I. De vervulling der belofte, tevoren gedaan aan Abraham, Exodus 1:1-19. En dan,
II. De instelling der rechten en wetten, die daarna door Israël zijn waargenomen, Exodus 20:1-40. Evenals Caesar, begint Mozes in dit boek met zijn eigen commentaren of gedenkschriften te boek te stellen; maar een meerdere dan Caesar is hier. Van nu voortaan is de schrijver zelf de held van het verhaal, en geeft hij ons de geschiedenis van de dingen, waarvan hij zelf oog- en oorgetuige is geweest, et quorum pars magna fait, en waaraan hij zelf een zeer groot aandeel heeft gehad. Er zijn in dit boek meer typen van Christus dan misschien in enig ander boek van het Oude Testament, want Mozes heeft van Hem geschreven, John 5:46. De wijze, waarop de mens verzoend wordt met God en in verbond en gemeenschap met Hem komt door een Middelaar, wordt hier op onderscheidene wijze voorgesteld, en het is ons van groot nut ter verklaring en opheldering van het Nieuwe Testament, nu wij dit bezitten ter verklaring van het Oude. Wij hebben hier:
I. Gods goedheid over Israël door hen zeer te vermenigvuldigen, Exodus 1:1.
II. De boosaardigheid van de Egyptenaren tegen hen.
1. Door hen te verdrukken en tot slavernij te brengen, Exodus 1:8.
2. Door hun kinderen te vermoorden, Exodus 1:15. Wie dus door de hemel gezegend werden, zijn om die reden door het land, van Egypte vervloekt.
Verzen 1-7
Exodus 1:1-7.In deze verzen hebben wij:
1. Een opgave van de namen van de twaalf patriarchen, zoals zij genoemd worden, Acts 7:8. Hun namen worden in de Schrift dikwijls herhaald, opdat zij ons niet vreemd zouden voorkomen, zoals andere vreemde of moeilijk uit te spreken namen, maar ons doordat zij zo dikwijls voorkomen. samen bekend zullen zijn, ook om te tonen hoe dierbaar Gods geestelijk Israël Hem is, en hoe Hij zich in hen verlustigt.
2. De rekening, die gehouden was van het getal van Jakob's familie. Zij waren met hun allen zeventig zielen, Exodus 1:5, volgens de berekening die wij gehad hebben in Exodus 46:27. Dit was juist het getal van de natiën, door welke de aarde bevolkt werd, overeenkomstig de opgave ervan in Genesis 10:1. "Toen de Allerhoogste aan de volken de erfenis uitdeelde, toen Hij Adams kinderen vaneen scheidde, heeft Hij de landpalen van de volken gesteld naar het getal van de kinderen Israels." zoals Mozes opmerkt, Deuteronomy 32:8. Er wordt hier nota van genomen, om het wonderbare van hun toeneming in Egypte in het licht te stellen.

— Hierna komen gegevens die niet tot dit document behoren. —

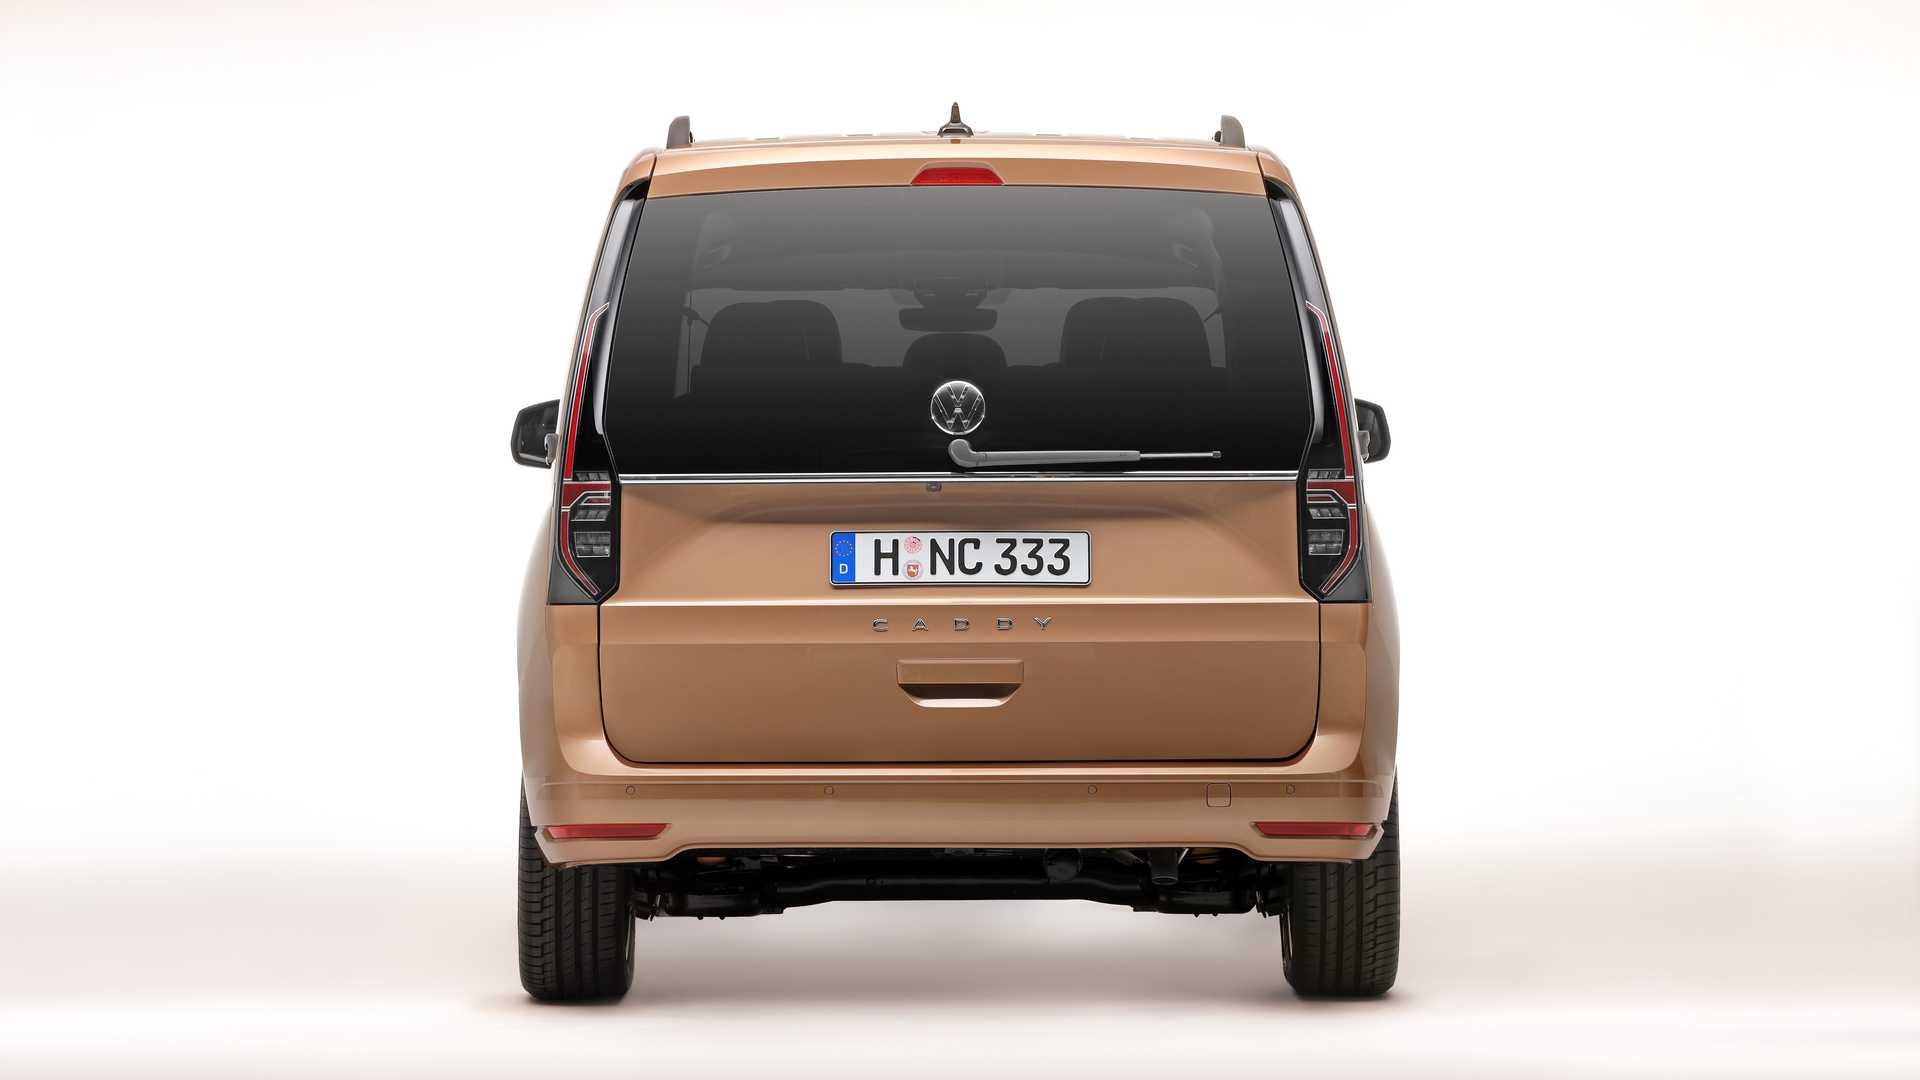 แพลตฟอร์มใหม่! Volkswagen Caddy 2020 รถตู้ไซส์เล็กเทคโนโลยีเพียบ

Het is goed dat zij wie zeer vermeerderd is, dikwijls gedenken hoe klein hun begin was, Job 8:7.
3. De dood van Jozef, Exodus 1:6. Al dat geslacht ging langzamerhand heen, misschien zijn al de zonen van Jakob ongeveer in dezelfde tijd gestorven, want er was niet meer dan zeven jaar verschil in leeftijd tussen de oudste en de jongste van hen, behalve Benjamin, en als de dood in een familie komt maakt hij soms in weinig tijd een einde hun allen. Toen Jozef, de steun van de familie, stierf zijn ook de anderen spoedig heengegaan. Wij moeten op onszelf, op onze broers, op allen met wie wij omgaan, zien, als stervenden als zich heenspoedende uit de wereld. Dit geslacht gaat voorbij, zoals het vorige voorbij is gegaan.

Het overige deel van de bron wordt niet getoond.